Financial Statements 2019/2020
MIDDLESEX UNIVERSITY NOTES TO THE ACCOUNTS (continued)
Year Ended 31 July 2020 Change in demographic assumptions at 31 July 2020
The principal demographic assumption is the longevity assumption (i.e. member life expectancy). For sensitivity purposes the actuary estimates that a one year increase in life expectancy would approximately increase the University defined benefit obligation between 3 to 5%. In practice the actual cost of one year increase in life expectancy will depend on the structure of the revised assumption (i.e. if improvements to member survival rates predominantly apply at younger or older age groups).
Funding deficit plan
The underlying assumptions in relation to the estimate of the present value of the obligation in respect of the funding deficit plan for the LGPS pension scheme such as the salary inflation over the period of the funding deficit plan and the discount rate to be used.
b. Pension enhancements on termination (see note 22)
The critical underlying assumptions in relation to the estimate of the pension enhancement obligation such as life expectancy and the discount rate on corporate bonds. Variations in these assumptions have the ability to significantly influence the value of the provision for unfunded liabilities recorded and annual expense.

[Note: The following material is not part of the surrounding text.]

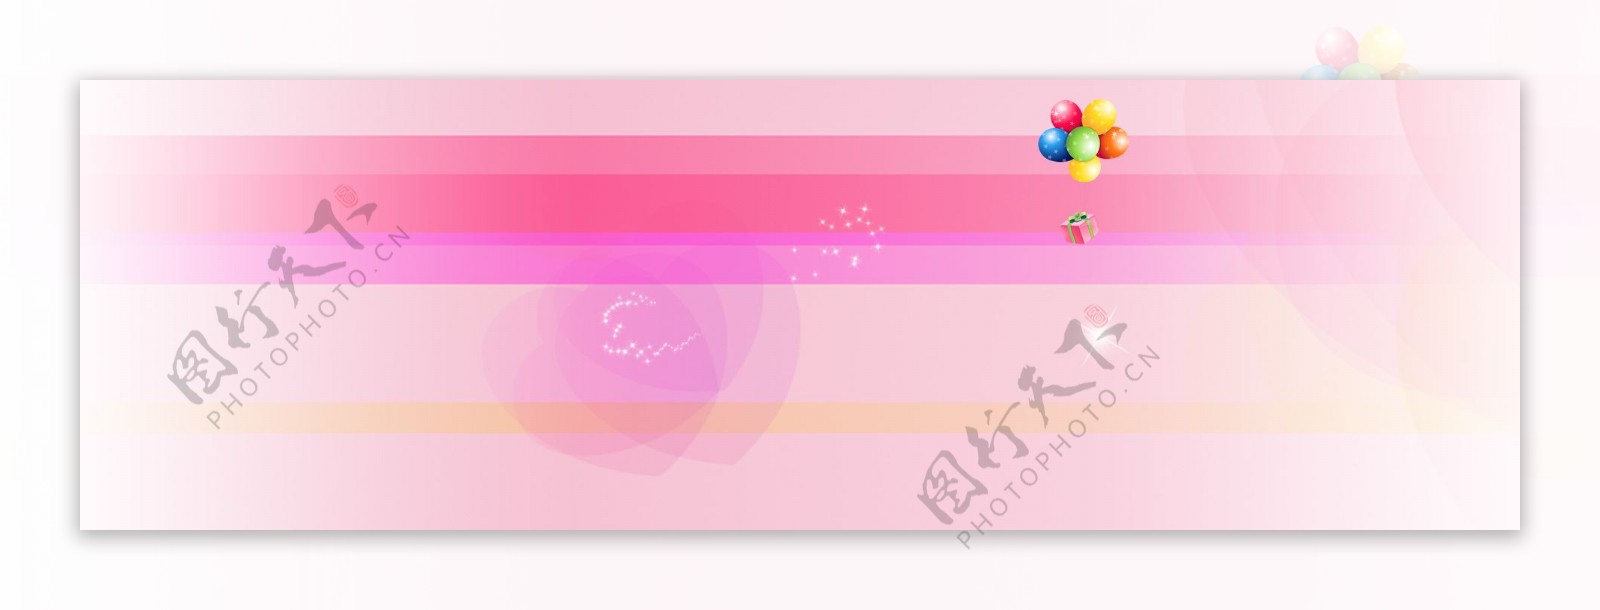 温馨粉色banner背景图

c. Tangible fixed assets depreciation (see note 14)
Tangible fixed assets are depreciated over their useful lives taking into account residual values, where appropriate. The actual lives of the assets and residual values are assessed annually and may vary depending on a number of factors. In re-assessing asset lives, factors such as technological innovation and maintenance programmes are taken into account. Residual value assessments consider issues such as future market conditions, the remaining life of the asset, and projected disposal values.
d. Trade and tuition fee debtors (see note 18)
The Group has a material level of exposure to collection of trade and tuition fee receivables. The estimate for receivables relates to the recoverability of the balances outstanding at the year end. Provisions in respect of these balances are calculated from a review performed on an accounts receivable aging method to determine whether debt is recoverable by aged group and a predetermined rate. Analysis of actual recovery compared with provisioning levels have not, to date, resulted in material variances.